LISBON, Maine — Former Maine Health and Human Services Commissioner Mary Mayhew announced a 2018 run for governor Tuesday, becoming the first well-known Republican to enter the race to replace the term-limited Gov. Paul LePage.
A former Democrat and lobbyist, Mayhew’s career changed sharply in 2011 when she took the administration post that she left in late May, becoming the face of the Republican governor’s aggressive welfare agenda and the administrator most identified with him.
“As I left the department, and as I have thought about all we have accomplished, I know we have worked too hard to see what we have done undone,” she said Tuesday morning on WVOM, a Bangor radio station. “So today, I announce my candidacy to be the next governor of the state of Maine.”
It was an expected move from Mayhew, 52, of South China, who has been quietly and informally campaigning in Republican circles to succeed LePage for years and has cast herself as a practical reformer of Maine’s welfare system, often drawing attention to regular Medicaid shortfalls that ended during her tenure.
She followed her Tuesday radio announcements with a morning speech at Dingley Press in Lisbon, saying the LePage administration has “the right priorities,” but warning that “there are so many people who want to undo what we’ve done” and “tax you and take your hard-earned money to pay for the cost of growing government.”
Those detractors, however, see a legacy of cuts and austerity. In a statement, Maine Democratic Party Chairman Phil Bartlett called Mayhew “a single-issue candidate” and said “her approach to that issue has proved a total failure.”
She and LePage opposed Medicaid expansion under the Affordable Care Act, saying it could bust Maine’s budget.

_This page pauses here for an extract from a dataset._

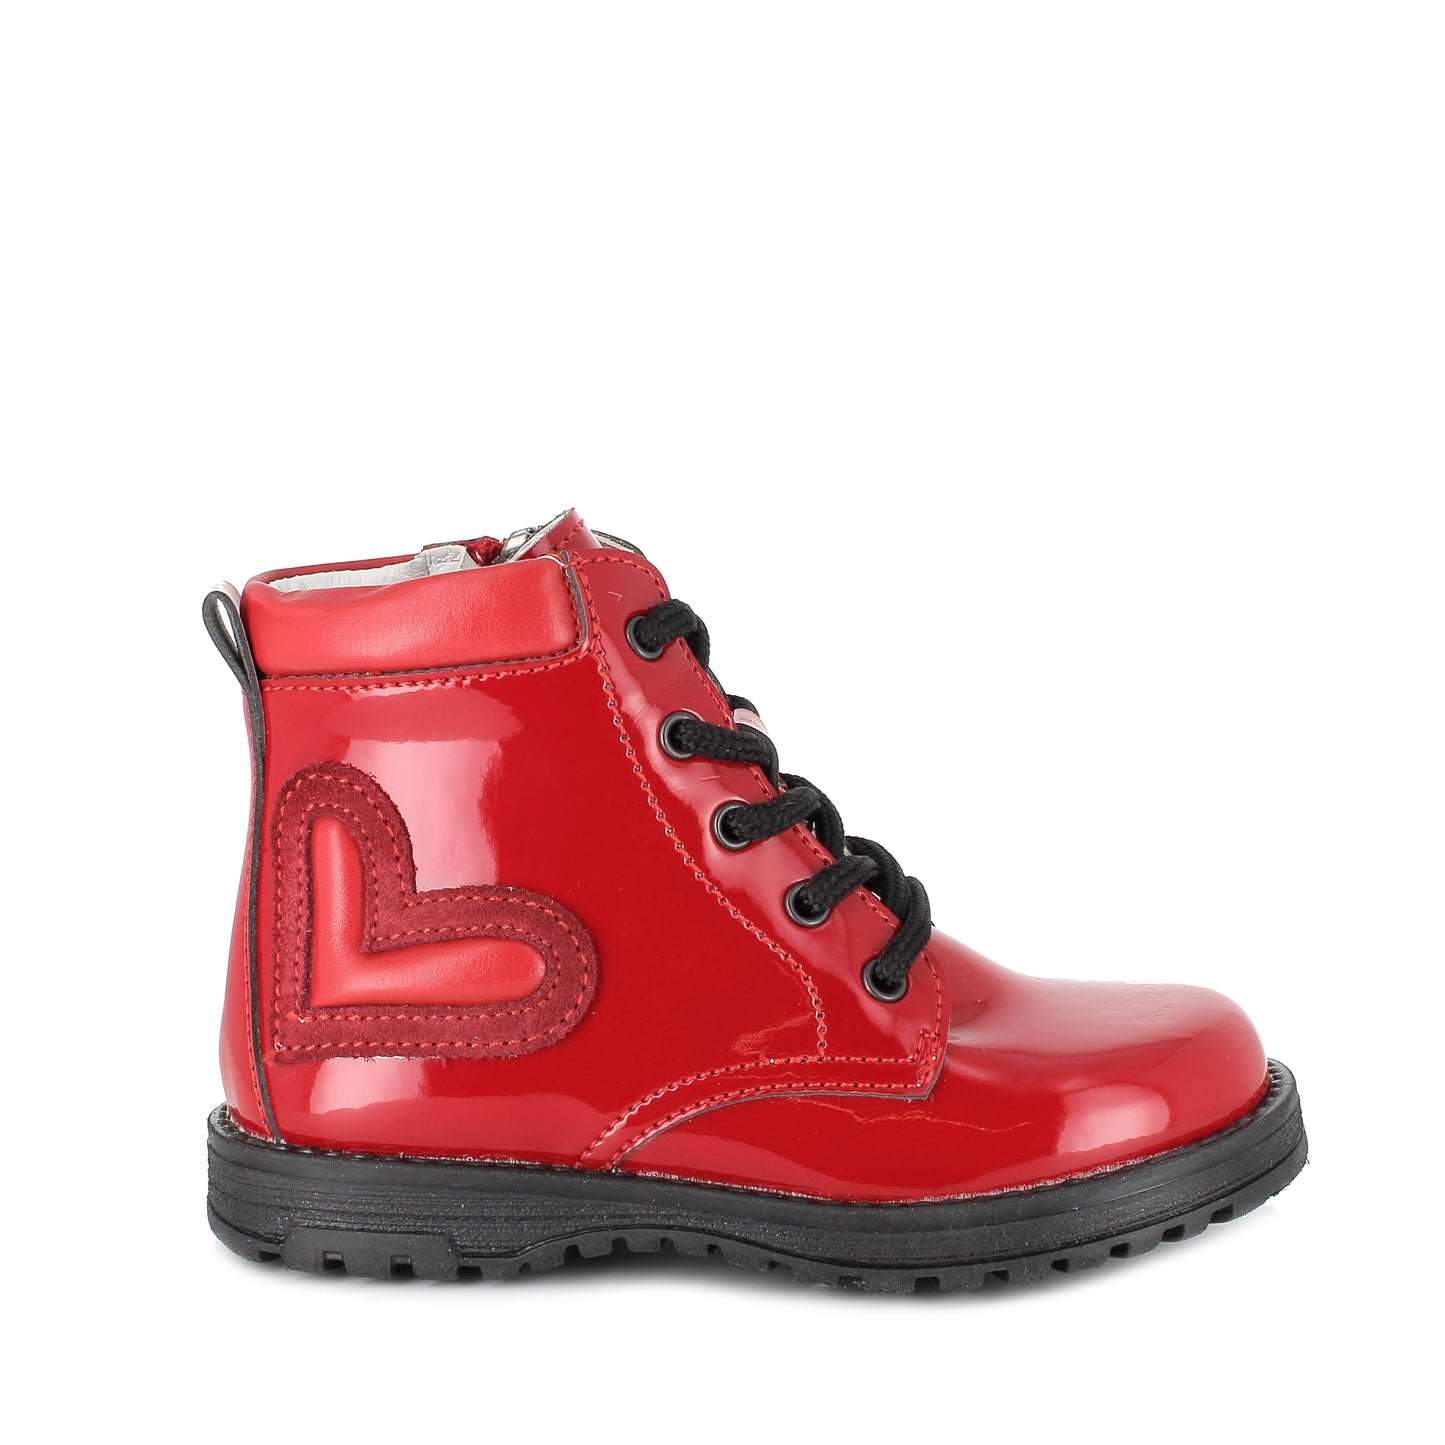 Primigi | 4912300 | Play Casual | Girls Lace/Zip Boot | Red Patent

Changes enacted during her tenure culled 67,000 from the Medicaid rolls between 2011 and 2015, a period of time during which the share of people in poverty increased, according to Census data. The number of children in the Temporary Assistance for Needy Families program went from more than 25,000 in early 2011 to less than 7,700 in May.
In a Republican primary, Mayhew should be able to lay claim to LePage’s welfare agenda, a signature issue for the party’s grass-roots that aided him to re-election in 2014. But she’ll have to widen a profile that so far has been limited to the scope of her former department.

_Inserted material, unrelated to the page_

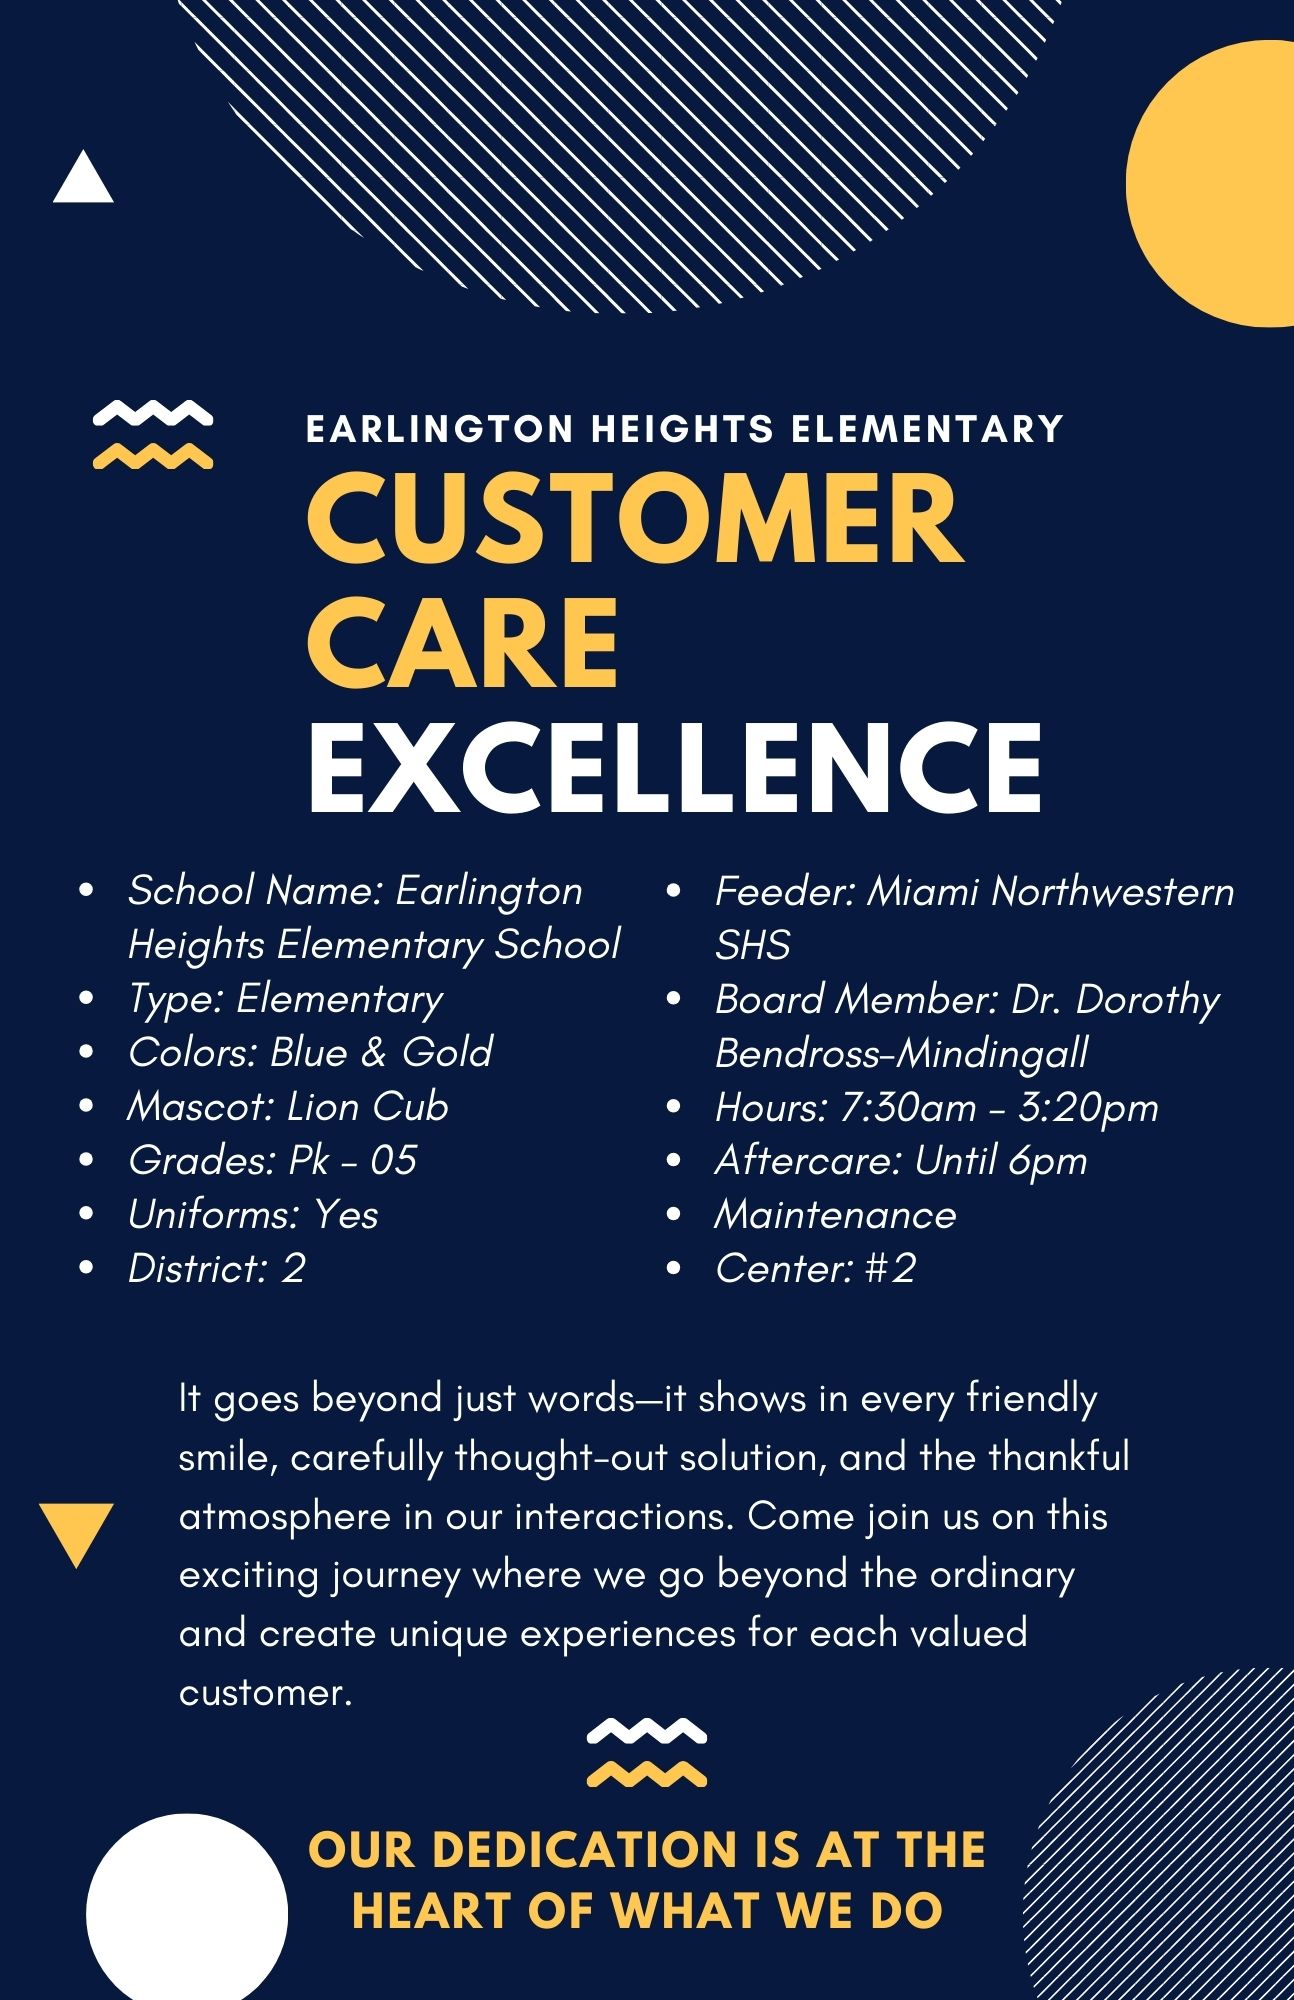 Earlington Heights Elementary School | Magnet School in Miami Florida | Customer Care Excellence

Her personal positions on social issues such as abortion, for example, aren’t in the public record. She was a lobbyist for the Maine Hospital Association before taking over as LePage’s choice to lead an agency that accounts for more than a third of state spending.
Mayhew is also a former Democrat who only became a Republican in March 2014. On Tuesday, she said she was a Democrat only because her late father was one. However, she managed Patrick McGowan’s 1990 congressional campaign against Republican Olympia Snowe, and when pressed on that she said she’s “changed” and “grown.”
Mayhew has begun the work to widen her image in frequent appearances with conservative groups. On Sunday, she spoke at a Falmouth rally in opposition to Maine’s voter-approved surtax on high earners.
Matthew Gagnon, CEO of the Maine Heritage Policy Center, which co-sponsored that rally, said many of the conservatives she’s wooing are “impressed” with her and her work but said “she still has a lot of introduction to be doing with those voters at the same time.”
“I think her job in the election is going to be figuring out exactly what else to talk about and whether or not that perfectly matches the conservative base,” he said. “We still have a lot to hear from her, I think.”
Independent Maine State Treasurer Terry Hayes of Buckfield and Democrats Adam Cote of Sanford and Betsy Sweet of Hallowell are the only other declared 2018 gubernatorial candidates who are well-known in political circles. Republican Deril Stubenrod of Clinton, Democrat Patrick Eisenhart of Augusta and Libertarian Richard Light of Liberty have also filed.
But U.S. Sen. Susan Collins, who is considering a run, hangs over the Republican field. The popular senator came out with qualified support for Medicaid expansion in Maine for the first time this weekend. Talking to reporters after her speech, Mayhew drew a stark line between them.
“It is concerning to me that she would come out and endorse a plan without understanding the challenges of our state budget, the impact of the cost of expanding Medicaid and what that will jeopardize in terms of our priorities,” she said.
BDN writer Christopher Cousins contributed to this report.